欧米諸国と比べて相当日本が感染者の数が少ない。(感染の有無を調べる)PCR検査が少ないじゃないかと言われています。確かに、PCR検査の数は少ない中において、私もほぼ毎日のように厚生労働省に対して、医師が必要とする、判断すれば、必ずPCR検査できるようにしてくださいねということは、重々申し上げております。日によっては非常に少ない日がありますから、なるべくしっかりとPCR検査をやってくださいと言ってます。

 では、果たして日本はそれを隠しているのかという議論がありますよね。これは私は違うと思います、例えば、死者の数は、PCR検査の数が少ないけども死者の数が多いということではありません。では、死者の数、肺炎で亡くなっている方が実はコロナではないかとおっしゃる方がいるんですが。コロナウイルスの場合は、専門家の先生たちがこれはみんな、私も確認したんです。

 私も、私もですね、そういう批判があるんだけど、どうなんだろうかと、このPCR検査少なくて、という話を伺ったんですが、これは肺炎で亡くなった方については、基本的に肺炎になって最後はCTを必ず撮ります。CTにおいて、間質性肺炎の症状が出た方は必ずコロナを疑います。必ず。そういう方については、これ、必ず、だいたいPCRをやっておられます。

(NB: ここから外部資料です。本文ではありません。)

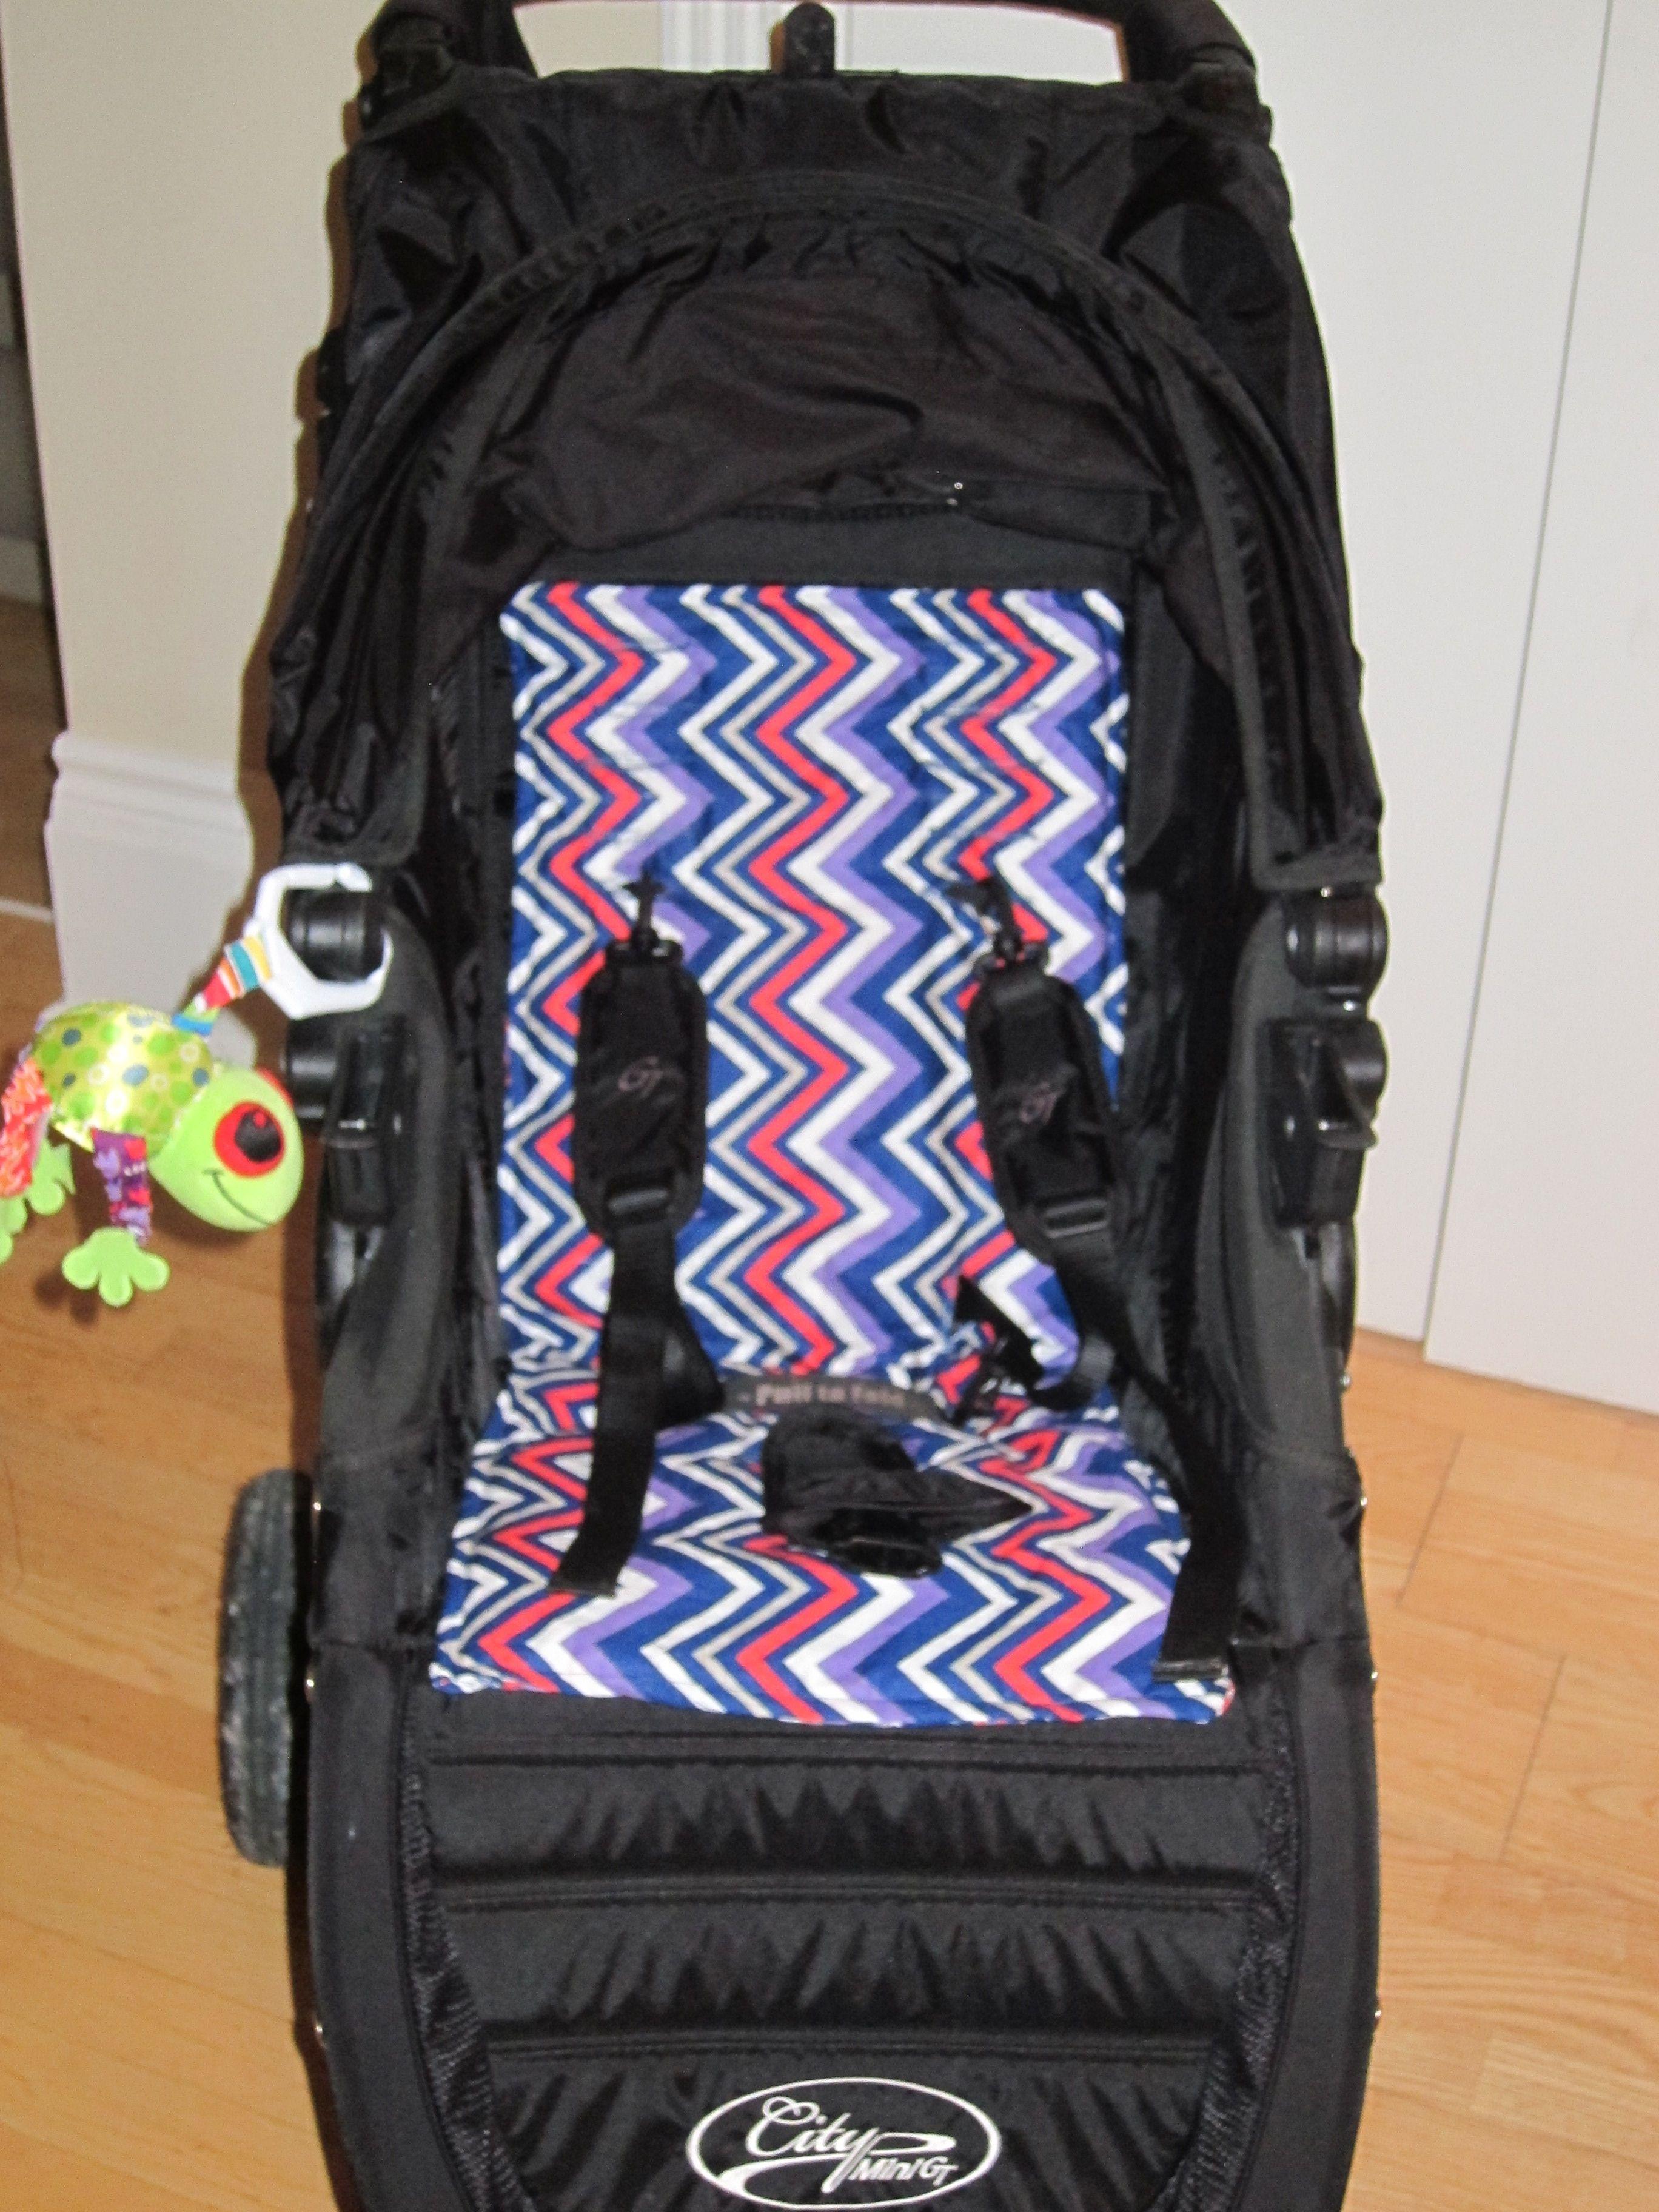 DIY Stroller Seat Liner City mini stroller, Stroller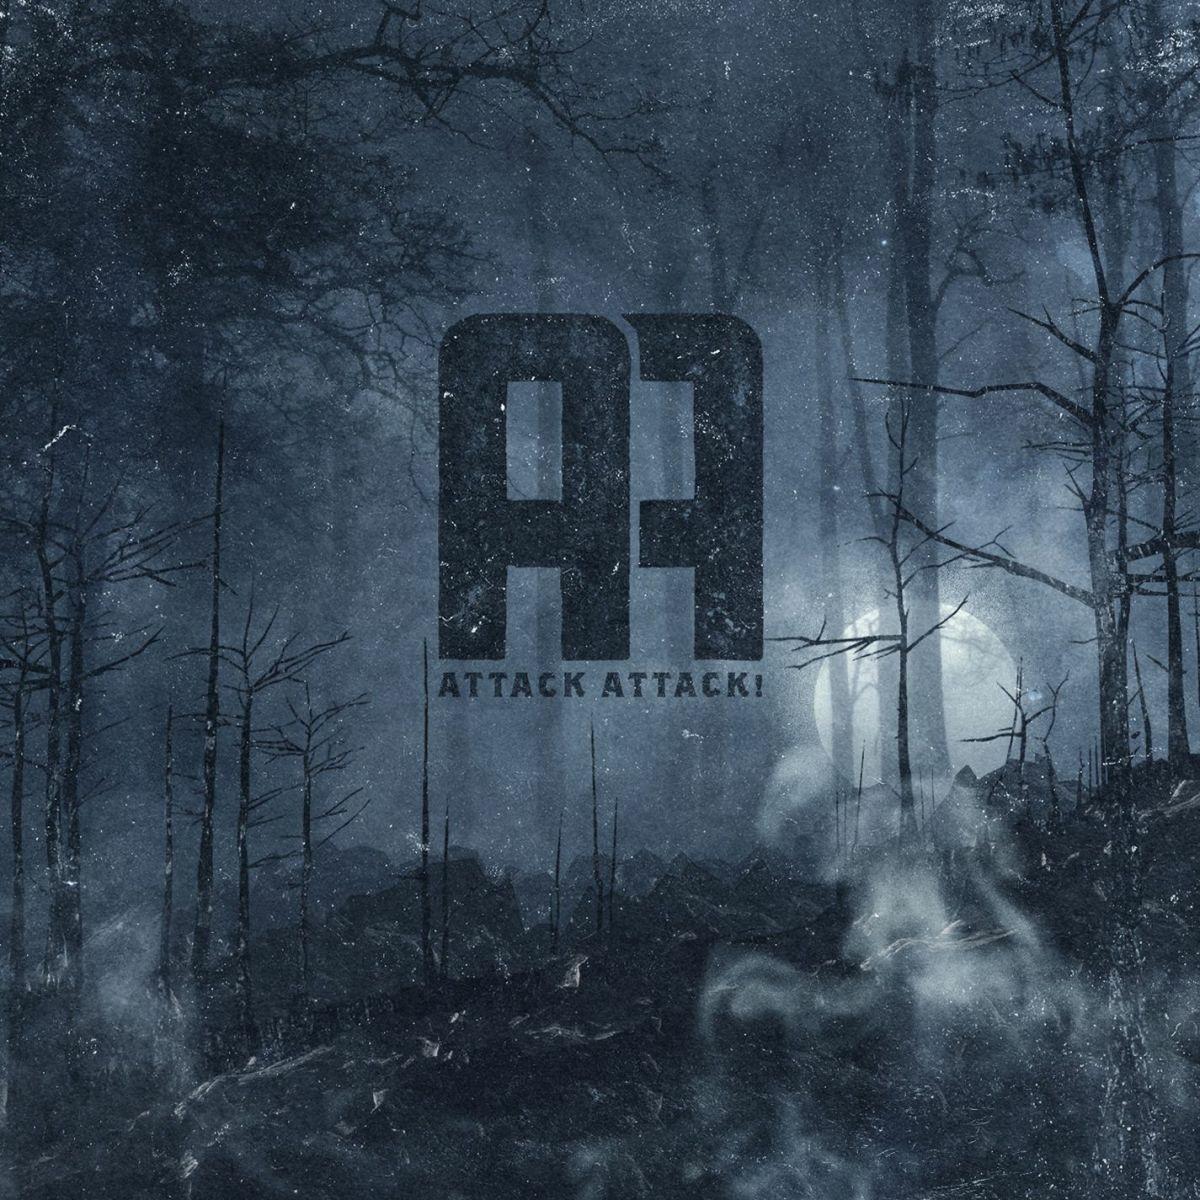 Attack Attack! - Attack Attack! [Deluxe Reissue] (2011)

 ですから、そこで間質性肺炎でない肺炎で、例えば細菌性等々の肺炎で亡くなられた方などについていれば、これはコロナではない。ですから、コロナではなくて肺炎で亡くなったっていう方は、コロナではないんだという説明を私は受けて、私は納得したところでございます。

おかしな陰謀論に対する答えに、きちんとなっていると思う。これ以後、この問題にしつこく食いつくような野党議員やジャーナリストがいるなら、少し割引いて見ざるを得ない。

こんなとこかな。とにかく、感染症対策は、今あるリソースをそれなりに上手に使って、専門家の意見もきちんと取り入れている印象。不手際もいろいろあるし、安倍政権の対応というより、国民皆保険制度があって国民が病院に行きやすいこと、CT検査機がもともとたくさんあったこと、割とルールを守る国民性などが奏功した部分はあると思うが、感染症対策についてそこまで日本政府が悪いとは思えない。むしろよくやっているのでは。

ただ、経済対策については、明らかに迫力不足、スピード感不足。特に消費税減税についてはもっと世論が高まってほしい。新型コロナによる影響が出る前、10~12月期から、消費税増税は明らかに日本経済の足を引っ張っていたのだから。